• _Task statement_
Pull every line containing "Estate" from the entries.

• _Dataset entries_
════════
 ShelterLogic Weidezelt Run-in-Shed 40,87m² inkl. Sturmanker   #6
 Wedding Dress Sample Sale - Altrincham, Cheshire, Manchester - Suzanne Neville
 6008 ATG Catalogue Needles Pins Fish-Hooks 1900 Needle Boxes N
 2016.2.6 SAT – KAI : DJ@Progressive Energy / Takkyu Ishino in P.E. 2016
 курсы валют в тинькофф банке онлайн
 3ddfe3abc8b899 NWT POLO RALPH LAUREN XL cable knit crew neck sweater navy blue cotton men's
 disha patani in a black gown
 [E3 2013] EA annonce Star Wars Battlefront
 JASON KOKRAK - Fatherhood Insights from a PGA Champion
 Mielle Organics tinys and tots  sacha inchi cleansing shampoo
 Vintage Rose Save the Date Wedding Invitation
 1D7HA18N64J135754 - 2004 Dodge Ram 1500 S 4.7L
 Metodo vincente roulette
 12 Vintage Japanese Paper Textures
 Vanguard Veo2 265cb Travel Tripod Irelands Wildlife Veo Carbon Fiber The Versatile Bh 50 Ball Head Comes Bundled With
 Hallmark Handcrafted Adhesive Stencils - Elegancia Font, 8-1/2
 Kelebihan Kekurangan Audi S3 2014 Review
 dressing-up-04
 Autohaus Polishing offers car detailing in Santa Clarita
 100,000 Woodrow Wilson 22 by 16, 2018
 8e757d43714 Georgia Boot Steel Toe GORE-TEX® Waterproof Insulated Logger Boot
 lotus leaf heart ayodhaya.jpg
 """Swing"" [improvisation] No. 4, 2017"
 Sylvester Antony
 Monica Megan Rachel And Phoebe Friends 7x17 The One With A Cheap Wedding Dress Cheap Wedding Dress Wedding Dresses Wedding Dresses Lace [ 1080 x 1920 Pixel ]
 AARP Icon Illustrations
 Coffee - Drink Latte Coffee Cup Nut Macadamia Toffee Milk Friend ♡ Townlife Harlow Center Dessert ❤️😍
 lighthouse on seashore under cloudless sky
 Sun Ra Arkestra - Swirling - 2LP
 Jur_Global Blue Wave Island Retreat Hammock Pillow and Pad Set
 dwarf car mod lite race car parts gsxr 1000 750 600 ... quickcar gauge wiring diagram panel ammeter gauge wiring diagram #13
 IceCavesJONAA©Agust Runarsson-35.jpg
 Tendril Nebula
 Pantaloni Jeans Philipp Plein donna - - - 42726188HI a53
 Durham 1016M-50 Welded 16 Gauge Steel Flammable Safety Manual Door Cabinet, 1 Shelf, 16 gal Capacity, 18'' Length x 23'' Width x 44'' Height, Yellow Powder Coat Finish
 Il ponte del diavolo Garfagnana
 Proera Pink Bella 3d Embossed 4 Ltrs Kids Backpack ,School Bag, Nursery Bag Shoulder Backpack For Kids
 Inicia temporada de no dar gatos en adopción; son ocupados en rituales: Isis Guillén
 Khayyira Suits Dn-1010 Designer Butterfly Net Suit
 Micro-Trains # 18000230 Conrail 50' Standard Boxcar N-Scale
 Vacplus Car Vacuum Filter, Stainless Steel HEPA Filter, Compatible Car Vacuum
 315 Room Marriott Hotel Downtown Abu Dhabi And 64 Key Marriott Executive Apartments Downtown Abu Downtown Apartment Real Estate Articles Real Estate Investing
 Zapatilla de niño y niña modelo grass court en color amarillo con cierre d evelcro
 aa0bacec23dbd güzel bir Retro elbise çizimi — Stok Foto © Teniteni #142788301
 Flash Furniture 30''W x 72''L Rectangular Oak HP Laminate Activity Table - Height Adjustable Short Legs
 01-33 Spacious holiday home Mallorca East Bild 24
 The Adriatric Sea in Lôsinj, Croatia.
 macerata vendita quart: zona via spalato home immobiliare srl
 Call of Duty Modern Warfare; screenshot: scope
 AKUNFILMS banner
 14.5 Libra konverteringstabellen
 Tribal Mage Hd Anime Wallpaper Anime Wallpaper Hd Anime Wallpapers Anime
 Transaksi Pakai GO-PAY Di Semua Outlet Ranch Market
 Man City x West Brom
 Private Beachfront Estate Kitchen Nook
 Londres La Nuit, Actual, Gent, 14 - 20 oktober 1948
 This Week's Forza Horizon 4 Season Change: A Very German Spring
════════
• _Response to this exercise_
 315 Room Marriott Hotel Downtown Abu Dhabi And 64 Key Marriott Executive Apartments Downtown Abu Downtown Apartment Real Estate Articles Real Estate Investing
 Private Beachfront Estate Kitchen Nook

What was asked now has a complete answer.